** Opening Input data block **

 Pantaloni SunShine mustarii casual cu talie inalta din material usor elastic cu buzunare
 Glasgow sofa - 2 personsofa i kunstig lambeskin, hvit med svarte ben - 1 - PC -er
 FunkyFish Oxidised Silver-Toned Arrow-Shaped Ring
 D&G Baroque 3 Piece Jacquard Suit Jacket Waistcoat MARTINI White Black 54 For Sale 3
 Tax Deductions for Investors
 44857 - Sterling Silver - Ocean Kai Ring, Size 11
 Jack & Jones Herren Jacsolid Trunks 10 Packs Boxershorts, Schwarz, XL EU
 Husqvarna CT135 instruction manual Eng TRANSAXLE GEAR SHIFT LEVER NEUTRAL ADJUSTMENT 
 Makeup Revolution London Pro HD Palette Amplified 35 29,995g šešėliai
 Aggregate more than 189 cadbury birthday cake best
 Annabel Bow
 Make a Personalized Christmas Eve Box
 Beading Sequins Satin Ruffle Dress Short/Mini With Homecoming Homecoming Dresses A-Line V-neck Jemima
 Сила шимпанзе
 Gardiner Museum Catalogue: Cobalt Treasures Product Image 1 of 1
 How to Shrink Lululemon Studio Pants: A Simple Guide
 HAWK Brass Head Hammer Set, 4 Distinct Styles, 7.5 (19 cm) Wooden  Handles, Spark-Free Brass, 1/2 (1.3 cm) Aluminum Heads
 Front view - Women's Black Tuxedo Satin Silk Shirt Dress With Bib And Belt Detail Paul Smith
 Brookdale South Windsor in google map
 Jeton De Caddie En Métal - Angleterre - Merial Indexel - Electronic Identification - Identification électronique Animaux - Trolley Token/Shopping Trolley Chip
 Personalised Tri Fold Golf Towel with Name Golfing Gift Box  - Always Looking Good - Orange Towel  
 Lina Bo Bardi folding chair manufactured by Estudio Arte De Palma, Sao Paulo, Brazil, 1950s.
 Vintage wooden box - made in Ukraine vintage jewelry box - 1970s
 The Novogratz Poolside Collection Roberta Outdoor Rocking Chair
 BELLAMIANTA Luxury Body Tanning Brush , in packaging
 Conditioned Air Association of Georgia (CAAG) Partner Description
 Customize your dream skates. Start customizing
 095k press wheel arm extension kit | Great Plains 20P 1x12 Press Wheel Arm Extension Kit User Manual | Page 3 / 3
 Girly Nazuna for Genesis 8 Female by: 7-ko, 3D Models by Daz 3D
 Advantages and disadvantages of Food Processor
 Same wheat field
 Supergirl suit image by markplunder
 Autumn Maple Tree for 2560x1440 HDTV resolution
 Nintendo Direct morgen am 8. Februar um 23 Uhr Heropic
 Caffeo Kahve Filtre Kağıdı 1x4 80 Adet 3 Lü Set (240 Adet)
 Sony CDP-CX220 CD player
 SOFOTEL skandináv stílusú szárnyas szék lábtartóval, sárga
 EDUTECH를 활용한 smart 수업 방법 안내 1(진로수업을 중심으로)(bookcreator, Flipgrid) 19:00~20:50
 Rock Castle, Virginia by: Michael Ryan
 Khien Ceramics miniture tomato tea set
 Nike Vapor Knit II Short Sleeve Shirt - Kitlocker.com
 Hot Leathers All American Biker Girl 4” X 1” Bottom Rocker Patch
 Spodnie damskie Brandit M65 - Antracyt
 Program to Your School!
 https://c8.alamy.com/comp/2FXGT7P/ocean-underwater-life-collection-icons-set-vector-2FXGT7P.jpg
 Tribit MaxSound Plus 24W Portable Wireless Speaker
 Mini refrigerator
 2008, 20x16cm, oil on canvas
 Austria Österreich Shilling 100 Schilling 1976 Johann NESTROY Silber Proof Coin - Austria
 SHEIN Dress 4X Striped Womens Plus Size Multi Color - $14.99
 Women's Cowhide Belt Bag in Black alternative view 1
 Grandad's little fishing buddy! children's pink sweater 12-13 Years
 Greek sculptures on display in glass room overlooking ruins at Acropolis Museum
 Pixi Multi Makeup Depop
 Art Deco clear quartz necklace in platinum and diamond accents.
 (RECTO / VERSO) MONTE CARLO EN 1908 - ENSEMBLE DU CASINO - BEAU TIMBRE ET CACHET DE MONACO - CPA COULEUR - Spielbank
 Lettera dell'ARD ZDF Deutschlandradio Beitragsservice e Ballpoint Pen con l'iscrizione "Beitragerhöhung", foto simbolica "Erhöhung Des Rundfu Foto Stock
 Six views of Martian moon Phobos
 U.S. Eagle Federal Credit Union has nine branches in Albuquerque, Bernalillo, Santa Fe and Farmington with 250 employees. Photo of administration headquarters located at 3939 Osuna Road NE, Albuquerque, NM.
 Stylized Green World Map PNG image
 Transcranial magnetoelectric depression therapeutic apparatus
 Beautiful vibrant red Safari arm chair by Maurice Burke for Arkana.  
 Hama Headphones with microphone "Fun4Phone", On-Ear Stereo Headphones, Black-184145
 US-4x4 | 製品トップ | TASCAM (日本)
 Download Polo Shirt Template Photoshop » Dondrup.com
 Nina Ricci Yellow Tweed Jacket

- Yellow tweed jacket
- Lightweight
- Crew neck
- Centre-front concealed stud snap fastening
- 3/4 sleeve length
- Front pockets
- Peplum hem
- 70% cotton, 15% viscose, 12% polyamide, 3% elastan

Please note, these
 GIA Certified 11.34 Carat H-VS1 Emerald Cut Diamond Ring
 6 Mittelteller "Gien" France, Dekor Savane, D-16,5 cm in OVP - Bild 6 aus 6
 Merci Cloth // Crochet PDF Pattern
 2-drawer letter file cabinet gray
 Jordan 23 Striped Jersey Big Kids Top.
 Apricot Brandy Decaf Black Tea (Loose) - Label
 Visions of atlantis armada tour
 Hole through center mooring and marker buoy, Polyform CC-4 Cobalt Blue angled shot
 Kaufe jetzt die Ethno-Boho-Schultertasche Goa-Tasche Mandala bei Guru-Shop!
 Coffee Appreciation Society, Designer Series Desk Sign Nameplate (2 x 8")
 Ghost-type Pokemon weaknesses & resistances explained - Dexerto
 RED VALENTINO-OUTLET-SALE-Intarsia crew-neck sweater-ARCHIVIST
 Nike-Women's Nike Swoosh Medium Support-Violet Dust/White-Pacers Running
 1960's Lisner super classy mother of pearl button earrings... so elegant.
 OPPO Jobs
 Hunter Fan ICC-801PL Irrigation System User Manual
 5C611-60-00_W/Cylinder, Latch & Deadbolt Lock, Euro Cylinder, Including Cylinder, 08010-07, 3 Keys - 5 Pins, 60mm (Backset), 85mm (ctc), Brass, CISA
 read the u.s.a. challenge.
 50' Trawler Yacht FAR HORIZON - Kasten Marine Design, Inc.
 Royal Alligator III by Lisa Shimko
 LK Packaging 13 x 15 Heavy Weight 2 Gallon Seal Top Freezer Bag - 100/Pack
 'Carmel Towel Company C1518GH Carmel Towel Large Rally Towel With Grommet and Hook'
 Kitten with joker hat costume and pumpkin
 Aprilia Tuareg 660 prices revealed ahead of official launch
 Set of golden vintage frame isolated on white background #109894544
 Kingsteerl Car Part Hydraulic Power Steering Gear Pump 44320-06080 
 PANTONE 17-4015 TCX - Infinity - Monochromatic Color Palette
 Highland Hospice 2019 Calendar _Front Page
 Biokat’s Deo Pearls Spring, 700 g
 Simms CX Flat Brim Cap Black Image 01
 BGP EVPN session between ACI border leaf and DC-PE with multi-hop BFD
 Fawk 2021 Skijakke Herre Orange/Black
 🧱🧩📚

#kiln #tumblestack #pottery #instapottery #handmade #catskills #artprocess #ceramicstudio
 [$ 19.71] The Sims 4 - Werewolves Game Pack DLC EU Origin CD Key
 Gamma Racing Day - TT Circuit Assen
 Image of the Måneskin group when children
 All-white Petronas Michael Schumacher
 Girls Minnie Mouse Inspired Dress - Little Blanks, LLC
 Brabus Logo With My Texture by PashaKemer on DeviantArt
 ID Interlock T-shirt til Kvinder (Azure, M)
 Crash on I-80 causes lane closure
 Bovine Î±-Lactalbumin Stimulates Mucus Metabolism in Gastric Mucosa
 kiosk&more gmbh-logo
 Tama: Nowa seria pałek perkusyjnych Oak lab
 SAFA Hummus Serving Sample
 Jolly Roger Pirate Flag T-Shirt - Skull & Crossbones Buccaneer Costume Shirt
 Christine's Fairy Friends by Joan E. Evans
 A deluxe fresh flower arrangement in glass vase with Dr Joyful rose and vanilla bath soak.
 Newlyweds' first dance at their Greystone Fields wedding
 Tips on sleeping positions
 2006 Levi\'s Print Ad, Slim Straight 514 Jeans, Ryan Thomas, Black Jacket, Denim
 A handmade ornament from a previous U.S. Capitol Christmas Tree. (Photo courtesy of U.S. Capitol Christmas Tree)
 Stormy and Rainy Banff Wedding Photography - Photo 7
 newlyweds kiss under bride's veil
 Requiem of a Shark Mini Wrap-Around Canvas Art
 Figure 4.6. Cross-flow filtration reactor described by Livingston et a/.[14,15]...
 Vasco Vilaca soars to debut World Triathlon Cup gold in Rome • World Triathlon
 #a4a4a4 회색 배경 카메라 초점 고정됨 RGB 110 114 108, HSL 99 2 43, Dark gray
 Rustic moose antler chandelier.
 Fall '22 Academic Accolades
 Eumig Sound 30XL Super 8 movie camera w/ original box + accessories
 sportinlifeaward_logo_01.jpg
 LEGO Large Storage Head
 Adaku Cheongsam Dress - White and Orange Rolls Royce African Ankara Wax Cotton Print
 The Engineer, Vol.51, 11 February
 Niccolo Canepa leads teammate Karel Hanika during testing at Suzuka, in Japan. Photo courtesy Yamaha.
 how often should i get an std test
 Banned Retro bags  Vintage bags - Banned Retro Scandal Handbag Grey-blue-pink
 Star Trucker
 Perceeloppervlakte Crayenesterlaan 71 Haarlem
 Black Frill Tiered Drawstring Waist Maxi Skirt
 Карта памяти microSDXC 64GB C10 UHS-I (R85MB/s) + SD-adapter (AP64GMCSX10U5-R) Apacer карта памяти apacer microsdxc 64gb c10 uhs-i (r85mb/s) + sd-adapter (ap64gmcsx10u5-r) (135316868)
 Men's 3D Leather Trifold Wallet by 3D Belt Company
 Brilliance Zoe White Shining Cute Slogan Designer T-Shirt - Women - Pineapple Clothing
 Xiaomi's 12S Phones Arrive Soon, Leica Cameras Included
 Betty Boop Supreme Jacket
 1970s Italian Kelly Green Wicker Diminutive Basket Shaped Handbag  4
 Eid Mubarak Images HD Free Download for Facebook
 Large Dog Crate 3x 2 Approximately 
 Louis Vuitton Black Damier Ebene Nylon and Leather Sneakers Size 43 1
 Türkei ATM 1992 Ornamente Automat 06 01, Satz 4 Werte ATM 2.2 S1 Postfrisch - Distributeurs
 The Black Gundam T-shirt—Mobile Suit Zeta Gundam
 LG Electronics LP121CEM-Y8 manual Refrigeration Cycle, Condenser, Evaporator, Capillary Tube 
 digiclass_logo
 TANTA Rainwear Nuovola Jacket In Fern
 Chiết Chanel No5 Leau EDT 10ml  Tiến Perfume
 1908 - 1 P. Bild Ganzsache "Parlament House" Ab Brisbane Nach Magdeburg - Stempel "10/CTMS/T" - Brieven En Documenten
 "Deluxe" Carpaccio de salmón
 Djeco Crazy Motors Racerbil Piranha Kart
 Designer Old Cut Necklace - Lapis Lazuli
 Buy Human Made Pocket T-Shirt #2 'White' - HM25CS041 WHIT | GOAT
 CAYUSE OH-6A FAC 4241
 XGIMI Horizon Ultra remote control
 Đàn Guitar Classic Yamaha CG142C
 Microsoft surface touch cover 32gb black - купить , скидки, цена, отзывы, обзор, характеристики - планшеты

** Closing Input data block **

What is being asked → With the line containing "Djeco Crazy Motors Racerbil Piranha Kart" as the first and the last line above as the final one, copy those lines exactly and no others.

Output for this exercise →
 Djeco Crazy Motors Racerbil Piranha Kart
 Designer Old Cut Necklace - Lapis Lazuli
 Buy Human Made Pocket T-Shirt #2 'White' - HM25CS041 WHIT | GOAT
 CAYUSE OH-6A FAC 4241
 XGIMI Horizon Ultra remote control
 Đàn Guitar Classic Yamaha CG142C
 Microsoft surface touch cover 32gb black - купить , скидки, цена, отзывы, обзор, характеристики - планшеты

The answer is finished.